There’s a Facebook page for the duo.

I come from the fire city. by Eve L. Ewing

Chicago poet and sociologist Eve L. Ewing‘s 2017 poem in a 16mm film adaptation for Motionpoems (Season 8) by director Daniel Daly, with cinematography by Josh Farmelo. See its page on Daly’s website for the list of festival selections, which include ZEBRA in Berlin and the 50th Poetry International Festival in Rotterdam.

The voiceover is from the lone actor in the film, Khadija Shari, and while I would still like the film without knowing that, I do love how much this suggests about the way a cherished, powerful poem can inhabit someone until they know it by heart and it becomes part of the rhythm of their life. At that point, can it really still be said to be the sole property of its author?
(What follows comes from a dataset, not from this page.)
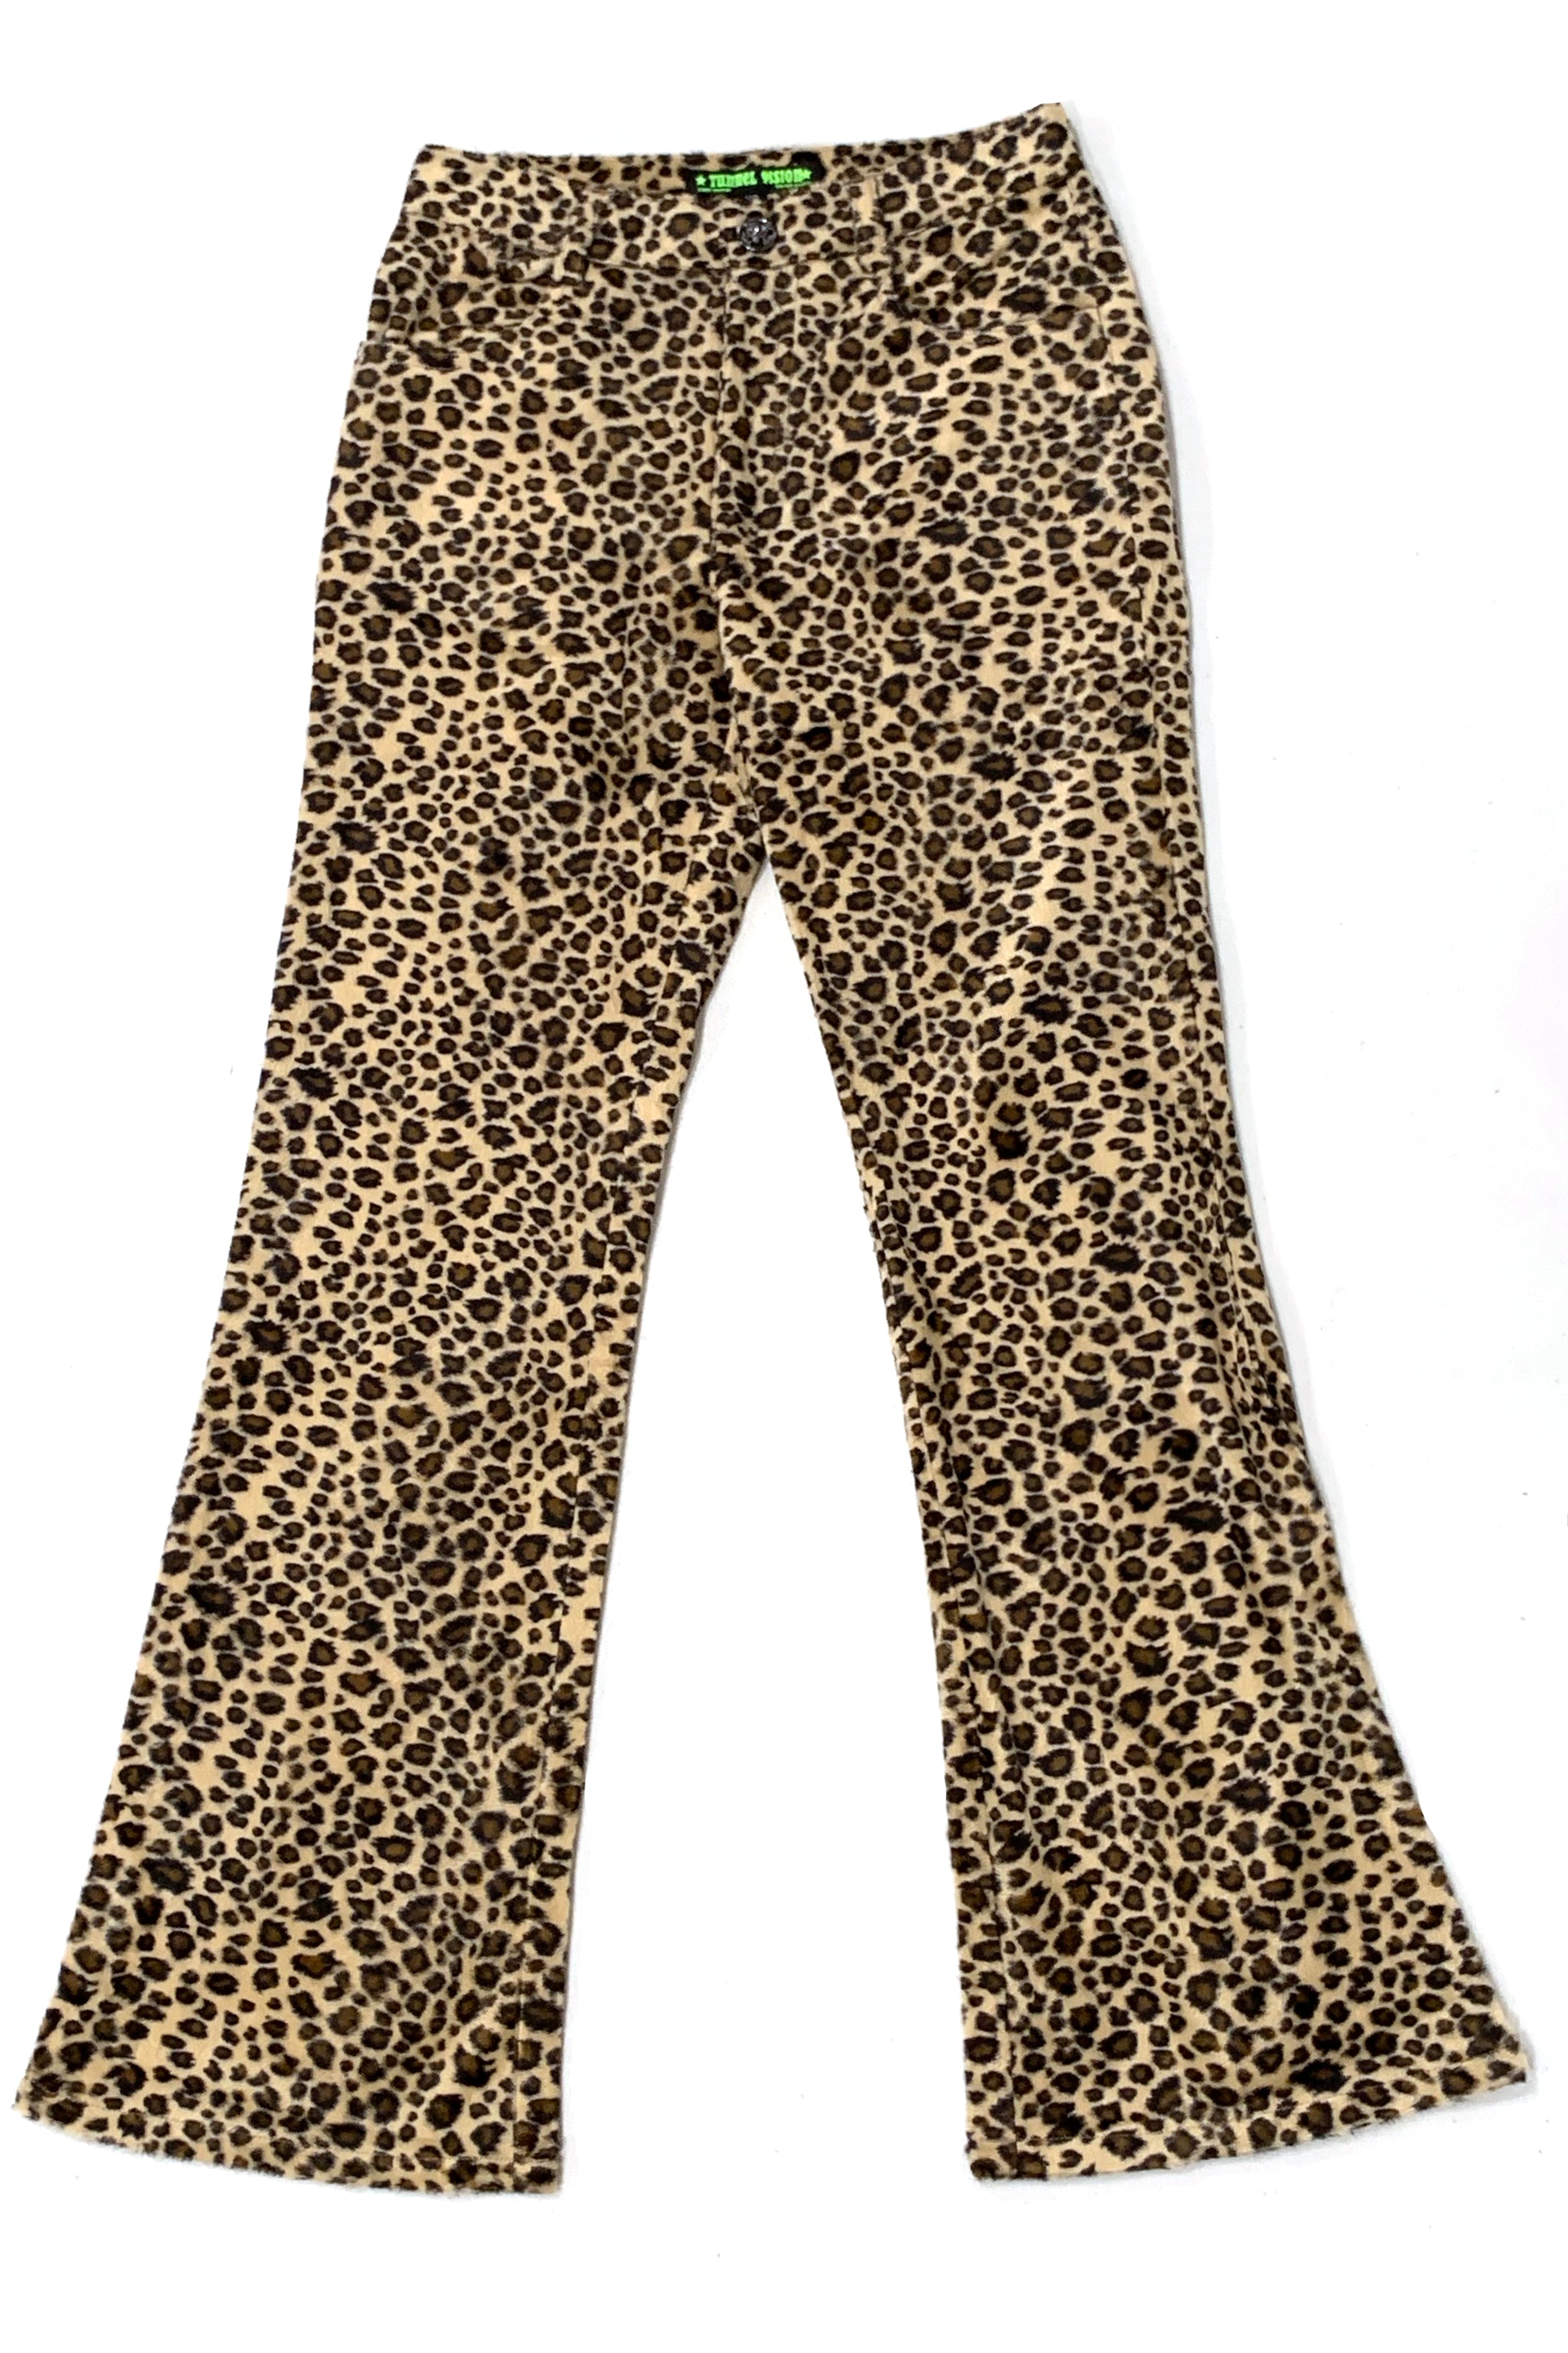 Leopard Denim Bell Bottom Pants | Freckled Poppy Boutique

The poem originally appeared in Ewing’s widely praised first collection Electric Arches from Chicago’s Haymarket Books, an increasingly prominent left-wing press named for the famous Haymarket riot of May 4, 1886. In a review for Public Books, Jehan Roberson notes:

To read Eve L. Ewing is to read Chicago. […] It’s important to know that Chicago has historically been an oasis for Black aspirations, particularly during northern journeys during the Great Migration; it is also the place where so many of those dreams fell prey to institutions built to halt Black prosperity. Redlining, predatory lending, forced segregation, and some of the nation’s highest homicide rates are part of the city’s backdrop, past and present. So are the hopes of Black folks. Black artists have charted both Chicagos: Lorraine Hansberry in A Raisin in the Sun, Richard Wright in Native Son, Gwendolyn Brooks in poetry that registered the city’s awe and perils.

In many ways and for many artists, Chicago is a genesis and a promised land. Ewing’s Chicago burns brighter than the many fires that have leveled the city, illuminates more strongly than the spotlights wielded by a media eager to highlight Black death. Her writing maps the spirit of the city, a spirit that many argue has vanished, but that Ewing maintains is still pulsating with Black dreams and potential.

This poetry film invites us to imagine that city by imagining how the poet or actor/reader might imagine it — a lesson for so many filmmakers whose first instinct is to treat a poem as a script.